Selasa, 02 Februari 2010

How do you learn English?

In Indonesia, being an English teacher is considerably a good job. Somehow people in my country think that learning English is dutifully important, either if we are looking for a job or further education. Perhaps it's because we are too lazy to change all computer commands to our language, or we don't bother to translate all devices, manual books, books, songs, even signs of emergency exits in imported trains or planes we have. Very likely so. For teenagers, it sounds like they're on MTV. It makes even a dork look so cool.

Anyway, let's share how we learn English. I know there are methods: from joining an expensive private class by a native English speaker from Oxford/Cambridge to reading a second-hand English dictionary out loud. It depends on how serious, how much time you have, how desperate you are (or how desperate your parents are) and what you can afford. The last one is actually the least, I'm going to tell you why.

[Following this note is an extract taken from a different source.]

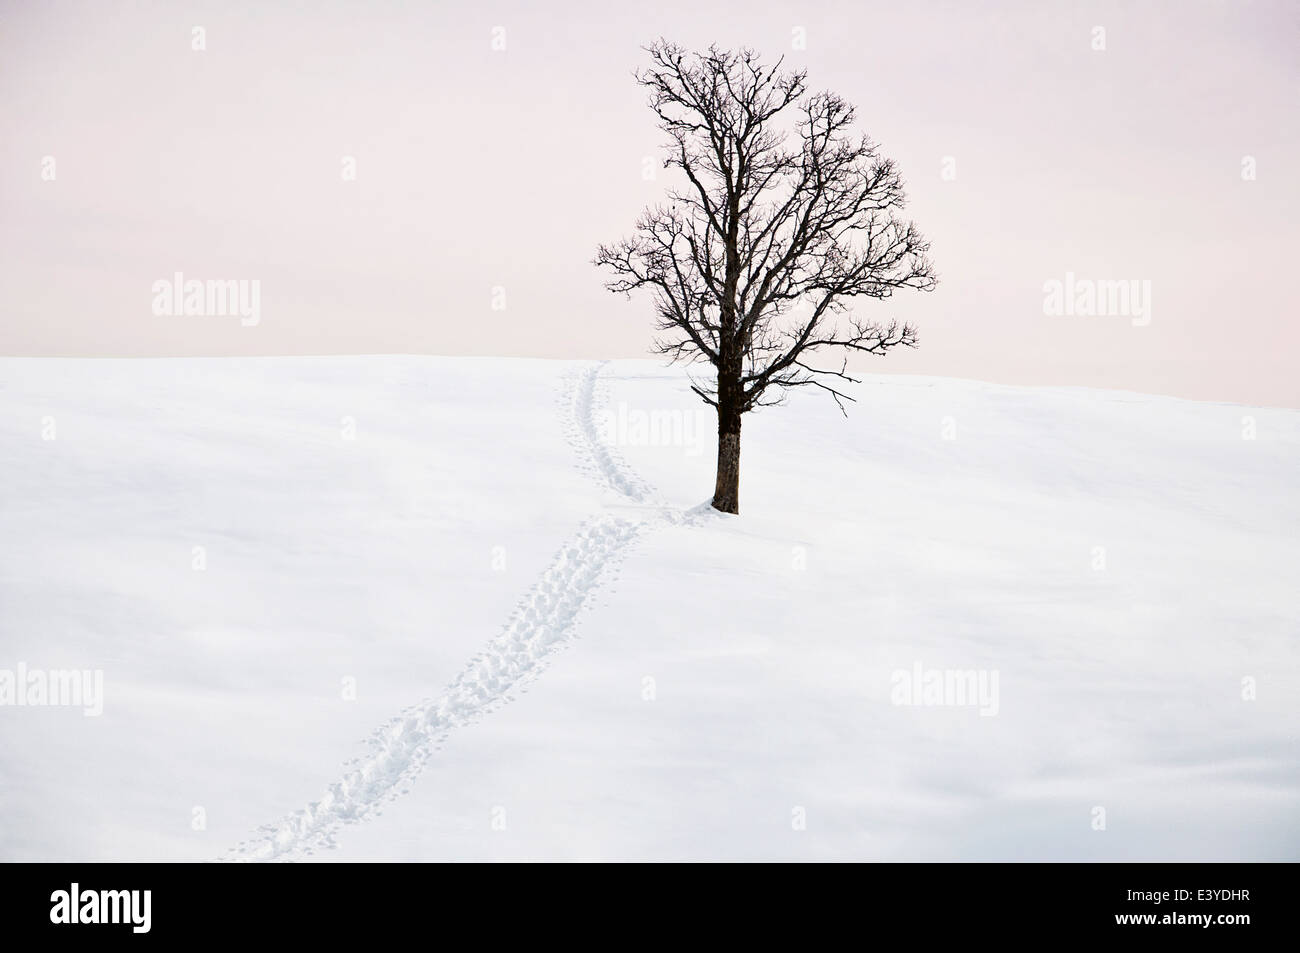 Single bald tree in winter with footsteps in the snow Stock Photo

In my home village, there was an English teacher who opened a class for free in the evening. Why did she do that? She actually wanted the children to sing Christmas carols in church on Christmas day in English. So she taught us English. This is my first exposure to English and I wasn't very young either (I know some parents nowadays try to talk English to their toddlers and put them to English nursing class or ask the babysitter to speak English etc.). I was 14 years old and never before in my life had I got any English lesson. I have to say that I enjoyed the lesson very much. I remembered those cards with pictures saying: banana, tomato, ear, nose, ball, and so forth.

A year later, because my Mom is a bit advanced in mind regarding my education (in her opinion, if my grandpa a.k.a her Dad sings a very good English song while he is in the toilet, why not her daughter?), I was forced -well, at that time I still considered watching a full episode of Knight Rider was more important than anything- to join a local English course. I was lucky. This place, although is in a small town of Pekalongan, has a very good quality of language teaching. Most students from this course have no difficulty at all to any English exams at school. If not to say that they are very much in advance to normal school's curriculum. This course basically was a foundation of my English. It wasn't a famous language school by all means, no native speaker or anything foreign, no international standard whatsoever. It's so down to earth that it's easy for a native Indonesian (especially from the countryside) to grasp the lessons.

It's very common for Indonesians to know English but have little confidence to speak it. I suggest that working abroad and traveling will sort this problem out. If you're on your own in a foreign place, you have to talk to survive. If we work, we'll earn something and we don't have to pay a class. These are examples where I learnt English:
  • from British advertisement. Once, when asked, "How was the food?" I would just nod or say "good," Since I heard some commercial breaks on TV, now I can say, "Oh, it's very tasty and nourishing, definitely scrumptious!"
  • from a second-hand book stores. They usually have some collections of Adrian Mole series by Sue Towsend. In this book I found the words "barmy", "mongrel", "stick insect", "plonker", "berk", "prat", "daft" and "dork". They're quite useful sometimes.
  • from the signposts. I learnt the meaning of: "cycle dismount" "humps in 30 meters" "cul-de-sac" "pedestrian crossing" "public pathway" "car boot sale" and so on.
  • from the cookery books I used for cooking at work. I learnt some words like saute, roast, grill, simmer, sizzle, stew, toast, steam, thaw, etc and also the difference between fold and mix, oven and microwave (this is serious!), frying pan and saucepan, kettle and casserole. Oh, not to forget many names of the cooking gizmos: colander, apple corer, baster, egg timer, potato peeler, sieve, spatula, whisk, wok, mortar and pestle, etc.
  • from the garden. I've learnt the names of some vegetables: aubergine, swiss chards, squash, white pumpkin, white radish, horseradish, beetroot, etc. And also some herbs: coriander, dill, fenugreek, rosemary, fennel, nutmeg, oregano, star anise, turmeric, and so on.
  • from the road/supermarket: "Are you alright, love?", "Cheers, love!" instead of "How are you?" and "Thank you!"
  • from the table : "Could you pass me the salt please?" and if someone offer me anything I should response "Yes, please" or "No, thank you," instead of merely saying yes or no. It's more polite, they said.
  • from everyday conversation: Instead of saying: help! Now I know I should say: "Do you mind?" or "Would you mind?" and if you want to help, the answer is "No" not "Yes".
So, I think now I'm speaking English. It's not quite a standard English, but understandable. At least by myself. Now I'm improving my English by doing crossword puzzle. What is the answer for untouched-smaller version of the harpsichord (8 letters)?